Model Architecture Features#
Gemma 2 introduces several architectural innovations:
Sliding Window Attention: Local attention with a 4,096 token window for efficient long-context processing
Attention Logit Softcapping: Caps attention logits at 50.0 to prevent extreme values
Final Logit Softcapping: Caps final output logits at 30.0 for stable generation
GeGLU Activation: Uses gated linear units with GELU activation for improved performance
RMSNorm: Layer normalization without mean centering for faster computation
Rotary Embeddings: RoPE with base frequency 10,000
Query Pre-Attention Scaling: Scales queries by 224 before attention computation
Conversion with 🤗 Hugging Face#
Load HF → Megatron#
from megatron.bridge import AutoBridge
# Example: Gemma 2 9B
bridge = AutoBridge.from_hf_pretrained("google/gemma-2-9b")

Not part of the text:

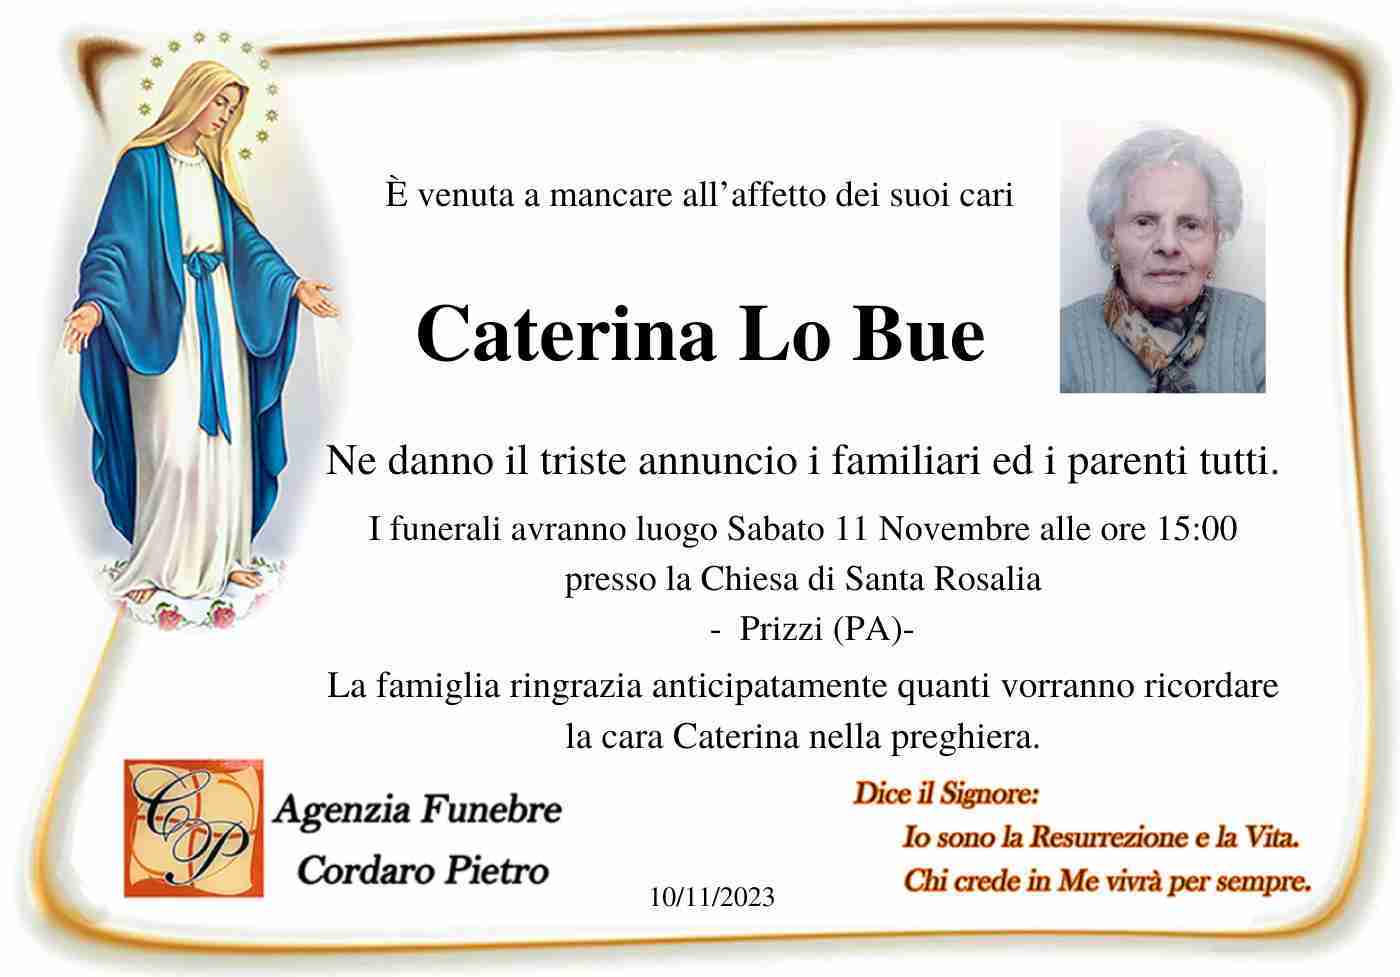 Caterina Lo Bue

provider = bridge.to_megatron_provider()
# Configure parallelism before instantiating the model
provider.tensor_model_parallel_size = 8
provider.pipeline_model_parallel_size = 1
provider.finalize()
model = provider.provide_distributed_model(wrap_with_ddp=False)
Import HF → Megatron#
To import the HF model to your desired Megatron path:
# Gemma 2 2B
python examples/conversion/convert_checkpoints.py import \
--hf-model google/gemma-2-2b \
--megatron-path /models/gemma-2-2b
# Gemma 2 9B
python examples/conversion/convert_checkpoints.py import \
--hf-model google/gemma-2-9b \
--megatron-path /models/gemma-2-9b
# Gemma 2 27B
python examples/conversion/convert_checkpoints.py import \
--hf-model google/gemma-2-27b \
--megatron-path /models/gemma-2-27b
Export Megatron → HF#
# Gemma 2 9B example
python examples/conversion/convert_checkpoints.py export \
--hf-model google/gemma-2-9b \
--megatron-path /results/gemma2_9b/checkpoints/iter_00001000 \
--hf-path ./gemma2-9b-hf-export
Run Inference on Converted Checkpoint#
python examples/conversion/hf_to_megatron_generate_text.py \
--hf_model_path google/gemma-2-9b \
--megatron_model_path /models/gemma-2-9b \
--prompt "What is artificial intelligence?" \
--max_new_tokens 100
Note:
--megatron_model_pathis optional. If not specified, the script will convert the model and then run forward.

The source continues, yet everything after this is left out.